A LO MEJOR, EN EL Líbano, esa noche también llovía. De haber caído algo, ojalá también haya sido agua. La cosa es que, esa noche, nuestro Lubnán (Líbano en árabe) abrió sus puertas con muchísima puntualidad, cuando las gotas apenas empezaban a caer sobre junio. Exactamente a las 6 de la tarde, cuando el Paseo Colón deja de ser un camino para convertirse en un obstáculo, los meseros del único restaurante de comida libanesa de la zona se estaban terminando de anudar sus galas.
Entrar fue cruzar en silencio el salón vacío y observar la disposición de las mesas, listas para la convivencia. Ser el primer cliente de la jornada vespertina era como ser el primer habitante del planeta. Dos pasos antes de chocar con la pared del fondo -los que no ven más allá de su nariz es porque son miopes- sobrevino el descubrimiento: una puerta lateral.
Lo que parecía una ruta de escape hacia la cocina o los baños, en realidad conducía a la parte más informal del restaurante, el bar, donde también había mesas y un par de pequeños salones con toldos y mesas bajitas, para comer con más discreción y más estilo.
El centro de la zona era una barra rodeada de bancos con piel de vaca (o vacas con cabeza de banco), un televisor y una trama de telas azules cubriendo la frialdad de los neones. También había lámparas y adornos en árabe, alfombras y las anotaciones de un partido de polo -afortunadamente mudo- que emanaba del televisor.
Nos sentamos en una de aquellas mesas de semblante mullido y pedimos una vela cuando en realidad debimos haber pedido una "candela". ¿Qué íbamos a velar? Una vez explicados al mesero los problemas con la miopía, accedió a subir un poco más el volumen de la luz.
Término medio oriente
No contamos cuántos platos había en el menú, pero había de sobra: como dos páginas de entradas, otras dos de platos fuertes, una más para especialidades y otra más para bebidas. El pequeño menú valía su peso en ingredientes, todos típicos de la comida libanesa.

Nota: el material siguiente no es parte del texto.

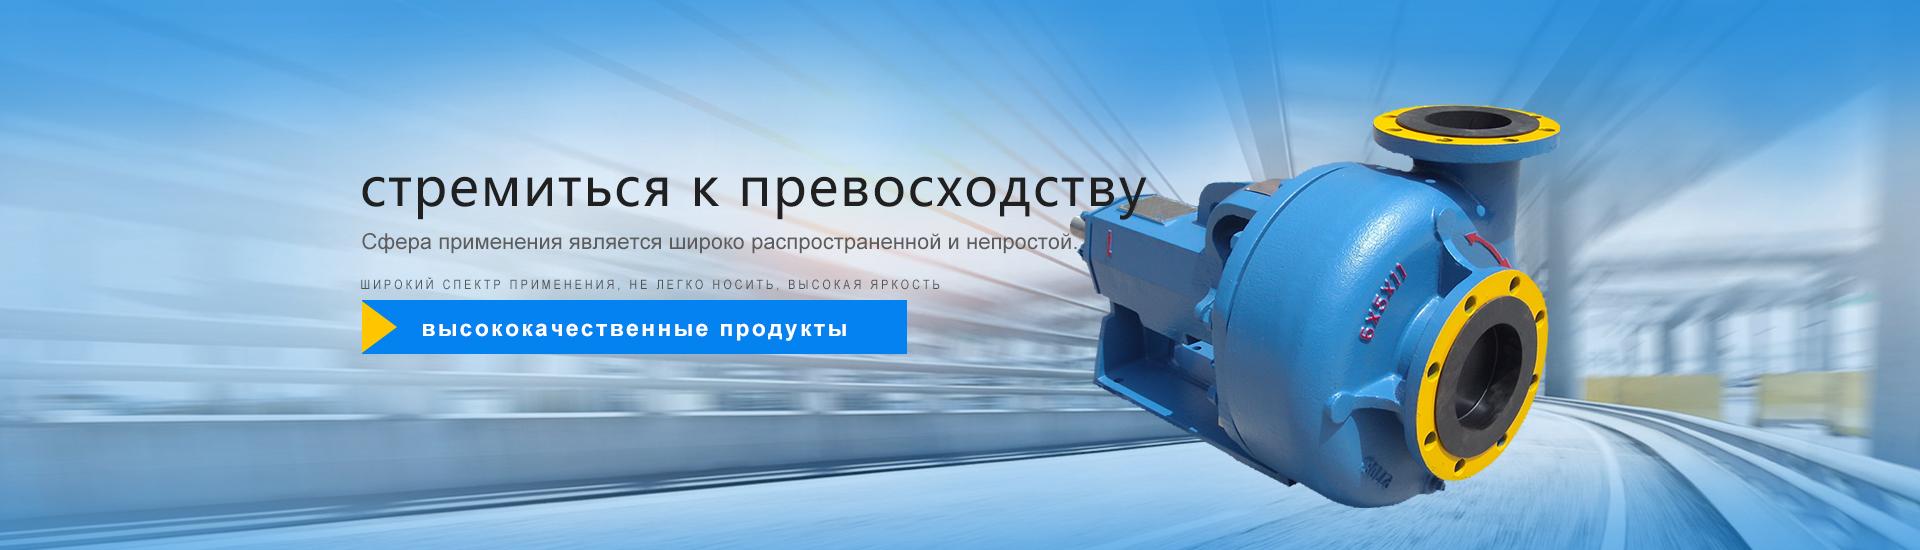 俄文焦点图3

Para no repetir el menú en su idioma original -hummus (puré de garbanzos), tabule (ensalada de trigo, tomate y perejil), kebbe (carne molida con trigo, al horno), falafel (tortas de garbanzo) o tahini (pasta de sésamo)-, mejor léanse ingredientes como pepino, carne de res, garbanzos, limón, chuletas de cordero, ajonjolí, ternera, berenjena, trigo, aceite de oliva, cebolla, hojaldre, perejil, nueces, canela, arroz con lentejas, vainicas, hojas de parra, hojas de repollo, yogur seco&...;
En la mesa de Lubnan convive un abanico de productos que a nosotros, creadores del gallopinto, jamás se nos ocurriría mezclar y mucho menos emparentar, pero, por suerte, a ellos sí.

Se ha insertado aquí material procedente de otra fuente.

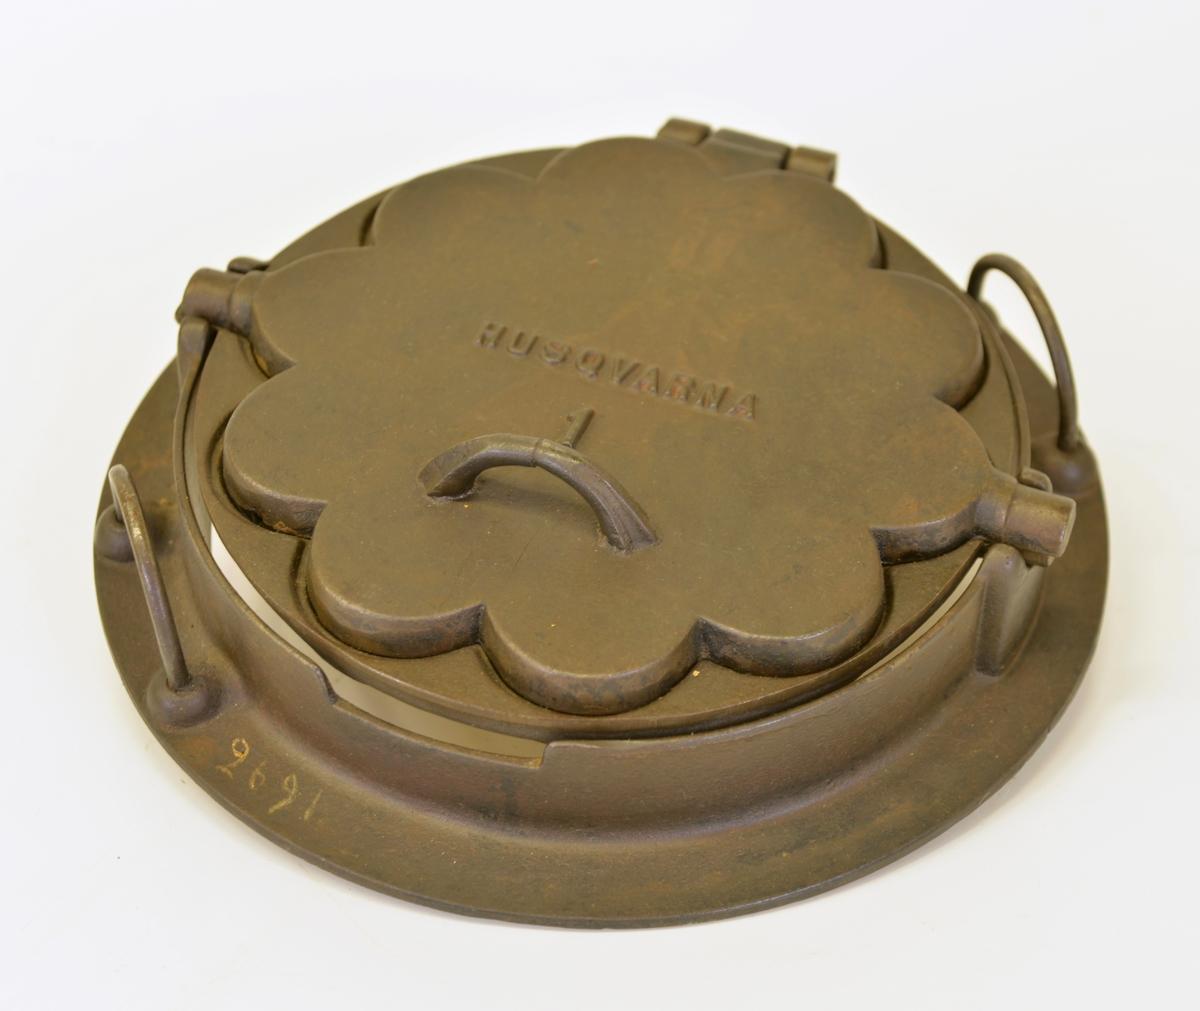 Våffeljärn tillverkat av Husqvarna.

¿Con qué bebida acompañar todo aquello? Sedientos de consejo, decidimos irnos en seco. Aunque una copa de vino de la casa no estaría mal, pensamos. Finalmente, lo que no estuvo mal fue la copa.
De entrada, no tuvimos que haber pedido entradas, pero no por malas. En nuestro comprensible afán de probarlo todo, ellas resultaron innecesarias frente a la magnitud y diversidad de una mezza para dos personas, que fue lo que pedimos.
Una tablita de carne "cruda", que se hacía acompañar de puñitos de sal, curri y ademanes caninos, y unas empanadas de espinaca y tomate -más bien ácidas- fueron un exceso frente a la mezza, una especialidad de 15 platos diferentes, servidos en porciones independientes y con una canasta de pan pita.
Nos dieron las horas comiendo, y los platos, aún con comida, parecían haberse multiplicado en las cuatro esquinas de la mesa. Alrededor de aquella mesa podrían haber ocurrido muchas cosas, y ella no hubiera perdido actualidad: hubiese aguantado hasta tres conversaciones más, una siesta y dos películas.
Fuimos nosotros quienes nos quedamos cortos frente a sus posibilidades, así que pedimos un delicioso café sin azúcar (amargo para serenar la dulzura) y empacamos nuestros restos mortales en un abrazo de despedida.